The past three years have seen a flurry of sustainability-related legislation, illustrating the close association between sustainability technology development and federal funds. For example, in December 2020 Congress passed the bipartisan Energy Act of 2020 as a section of a larger omnibus bill. The law allocated over $30 billion for carbon capture, renewable energy (including nuclear power), and energy storage R&D. Congress also extended tax credits for wind and solar energy development and agreed to an 85% reduction in hydrofluorocarbons, a potent GHG resulting from the air conditioning process.


The Infrastructure Investment and Jobs Act built on the foundation of the Energy Act of 2020 and addressed several of the latter’s blind spots. Signed by President Biden in November 2021, the law allocates over $7 billion for a national network of electric vehicle (EV) charging stations and grants for alternative fueling technology, including hydrogen. The nation’s electric grid is another major target; $5 billion will go to grants for grid hardening and $6 billion to upgrading the system’s resilience and reliability. Carbon capture technology remained a priority, with several billions of dollars dedicated to spurring technology development and demonstration. The bill also creates an Advanced Research Projects Agency-Infrastructure, following the lead of the Departments of Defense and Energy to promote innovative solutions.


The most recent major climate provisions contained within the Inflation Reduction Act further validates the dual-use model in sustainability investment. From clean hydrogen to building materials, Congress allocated approximately $370 billion in total funding and incentives among nearly every subsector of sustainability. But some of the bill’s less-publicized provisions are likely to have an outsized positive effect for entrepreneurs. Over $1.5 billion will go to upgrading America’s national labs, a hotbed for R&D. An “advanced energy project credit” offers up to a 30% tax credit for investments in capital-intensive equipment used for clean energy production, storage, or carbon capture, among many other qualifying projects. But perhaps the primary driver of innovation will be the technology-neutral clean electricity production and investment tax credits, which will replace the current credits tied to specific generation methods. The new credits incentivize emissions reductions versus the use of certain types of technology. This is critical for deep tech entrepreneurs because subsidized technologies often enjoy perpetual government support and lock out competitors with new, cutting-edge but immature innovations. The new incentive structure will level the playing field for deep tech entrepreneurs within the space.


With multiple monumental climate bills passed since 2020 under both Republican and Democratic administrations, it is apparent that sustainability has become a fixture of Washington’s priorities.

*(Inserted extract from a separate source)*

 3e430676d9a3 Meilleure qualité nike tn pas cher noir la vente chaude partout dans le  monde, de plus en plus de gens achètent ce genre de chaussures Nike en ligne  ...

This legislation represents perhaps the primary advantage of a dual-use investment approach: the government can meaningfully lower the cost of technological development and commercialization and improve the likelihood that game-changing technology makes it to market.


Government as an Early Customer


A second major advantage is leveraging the government as an early customer. The White House invoked the Defense Production Act (DPA) in June 2022 to facilitate meeting emissions targets. The act gives the executive branch authority to require private companies to prioritize federal government orders and allows the president to “allocate materials, services, and facilities” for those purposes deemed necessary for national security. Applying the DPA will lower the cost of capital necessary to scale companies by de-risking commercialization and positioning the government at the front of the line with billions of dollars ready to purchase new technology. Though having government as a first customer is not a guarantee of success (see our Valley of Death paper), it can appreciably drive down the costs of scaling novel products.


Market Signaling


AIN’s dual-use investment approach also provides a useful tool to narrow sustainability down to a few high-potential technology categories. By paying close attention to Washington’s sustainability actions and intentions, dual-use investors can develop a picture of what the future investment landscape looks like. Government non-dilutive funding and tax incentives create strong signals for entrepreneurs to build in certain areas–especially in highly regulated sectors like this one. At AIN, we consider government action to be a key leading indicator, among others, of where future innovation effort and spending will go.


Through both legislation and executive action, the federal government has signaled where its priorities are in this space. The White House has distilled its commitment to sustainability into five target areas, and these are generally consistent with the previously discussed legislation:

  • 100% carbon-free electricity by 2030

  • 100% zero-emission vehicle acquisitions by 2035

  • Net-zero emissions from procurement by 2050, including a focus on clean construction materials

  • Net-zero emission building portfolio by 2045, with a 50% emissions reduction by 2032

  • Overall net-zero emissions from federal operations by 2050, with a 60% reduction by 2030


Informed by Washington’s stated priorities and efforts to spur action, AIN sees four primary areas for investment that optimize for monetary returns as well as environmental impact:

  • Energy production and storage

  • Zero-emission transportation

  • Materials and buildings

  • Carbon capture, utilization, and storage (CCUS)


The following paragraphs are intended to be brief introductions to these subsegments and not exhaustive. We will expound on each focus area in future publications.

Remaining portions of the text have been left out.